> What this task involves
Filter by the string "Borders": return the lines of the material that contain it.

> Data supplied
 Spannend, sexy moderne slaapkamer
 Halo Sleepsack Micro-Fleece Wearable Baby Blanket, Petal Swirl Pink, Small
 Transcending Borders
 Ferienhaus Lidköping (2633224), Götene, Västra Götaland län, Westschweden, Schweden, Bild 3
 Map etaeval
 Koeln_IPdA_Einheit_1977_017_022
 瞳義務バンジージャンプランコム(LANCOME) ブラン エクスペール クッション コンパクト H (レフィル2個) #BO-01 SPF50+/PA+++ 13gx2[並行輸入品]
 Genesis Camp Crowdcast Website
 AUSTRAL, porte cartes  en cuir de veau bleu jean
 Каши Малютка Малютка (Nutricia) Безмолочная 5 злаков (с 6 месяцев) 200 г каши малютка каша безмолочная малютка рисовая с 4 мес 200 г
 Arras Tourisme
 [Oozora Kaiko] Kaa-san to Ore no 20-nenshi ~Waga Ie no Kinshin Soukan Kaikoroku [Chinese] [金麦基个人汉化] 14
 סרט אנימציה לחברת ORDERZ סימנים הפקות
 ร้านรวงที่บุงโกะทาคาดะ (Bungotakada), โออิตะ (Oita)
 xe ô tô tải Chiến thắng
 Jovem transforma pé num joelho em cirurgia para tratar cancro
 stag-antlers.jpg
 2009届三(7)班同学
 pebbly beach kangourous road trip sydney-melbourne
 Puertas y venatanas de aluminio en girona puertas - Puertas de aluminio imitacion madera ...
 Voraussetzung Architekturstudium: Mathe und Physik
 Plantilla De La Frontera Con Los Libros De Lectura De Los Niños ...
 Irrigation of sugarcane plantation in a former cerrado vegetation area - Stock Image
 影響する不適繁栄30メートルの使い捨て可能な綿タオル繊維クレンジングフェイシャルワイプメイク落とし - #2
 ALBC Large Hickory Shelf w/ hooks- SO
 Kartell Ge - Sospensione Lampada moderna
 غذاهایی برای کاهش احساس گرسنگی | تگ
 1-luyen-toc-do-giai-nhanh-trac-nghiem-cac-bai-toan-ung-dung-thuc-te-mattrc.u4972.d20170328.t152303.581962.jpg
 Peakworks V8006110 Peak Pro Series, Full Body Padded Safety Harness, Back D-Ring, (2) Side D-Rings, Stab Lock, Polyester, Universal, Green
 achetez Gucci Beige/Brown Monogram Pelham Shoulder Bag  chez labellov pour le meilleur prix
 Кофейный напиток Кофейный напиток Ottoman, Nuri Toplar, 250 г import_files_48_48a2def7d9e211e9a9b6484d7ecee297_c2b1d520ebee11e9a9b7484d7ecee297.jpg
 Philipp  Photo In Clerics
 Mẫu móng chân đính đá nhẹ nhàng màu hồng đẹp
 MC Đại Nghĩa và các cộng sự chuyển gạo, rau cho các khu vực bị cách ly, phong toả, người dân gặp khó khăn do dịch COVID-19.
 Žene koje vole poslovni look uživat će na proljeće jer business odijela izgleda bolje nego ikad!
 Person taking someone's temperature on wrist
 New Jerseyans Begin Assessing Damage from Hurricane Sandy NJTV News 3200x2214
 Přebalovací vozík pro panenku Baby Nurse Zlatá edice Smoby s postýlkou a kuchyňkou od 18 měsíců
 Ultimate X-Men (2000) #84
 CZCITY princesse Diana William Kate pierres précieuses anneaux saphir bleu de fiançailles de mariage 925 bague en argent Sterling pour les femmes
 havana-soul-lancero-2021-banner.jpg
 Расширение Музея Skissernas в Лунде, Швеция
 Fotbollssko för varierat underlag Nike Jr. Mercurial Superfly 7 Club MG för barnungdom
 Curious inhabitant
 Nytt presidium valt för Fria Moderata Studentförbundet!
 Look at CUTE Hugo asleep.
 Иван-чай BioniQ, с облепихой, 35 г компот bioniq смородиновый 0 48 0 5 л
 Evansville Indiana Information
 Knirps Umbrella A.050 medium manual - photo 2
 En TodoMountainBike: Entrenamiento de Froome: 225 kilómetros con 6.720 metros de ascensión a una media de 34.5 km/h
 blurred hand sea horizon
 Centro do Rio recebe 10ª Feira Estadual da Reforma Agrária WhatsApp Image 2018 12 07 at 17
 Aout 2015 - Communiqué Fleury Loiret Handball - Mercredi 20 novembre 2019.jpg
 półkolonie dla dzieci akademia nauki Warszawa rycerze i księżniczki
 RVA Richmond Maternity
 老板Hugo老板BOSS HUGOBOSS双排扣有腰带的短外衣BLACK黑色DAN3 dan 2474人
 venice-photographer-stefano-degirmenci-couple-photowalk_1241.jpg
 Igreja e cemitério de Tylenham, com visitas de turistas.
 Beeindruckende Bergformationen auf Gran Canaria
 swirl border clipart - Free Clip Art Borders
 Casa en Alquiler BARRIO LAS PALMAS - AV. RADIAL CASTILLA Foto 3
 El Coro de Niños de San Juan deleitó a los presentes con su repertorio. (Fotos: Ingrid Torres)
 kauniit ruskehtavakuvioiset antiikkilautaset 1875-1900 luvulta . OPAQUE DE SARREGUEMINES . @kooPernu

> Answer to this problem
 Transcending Borders
 swirl border clipart - Free Clip Art Borders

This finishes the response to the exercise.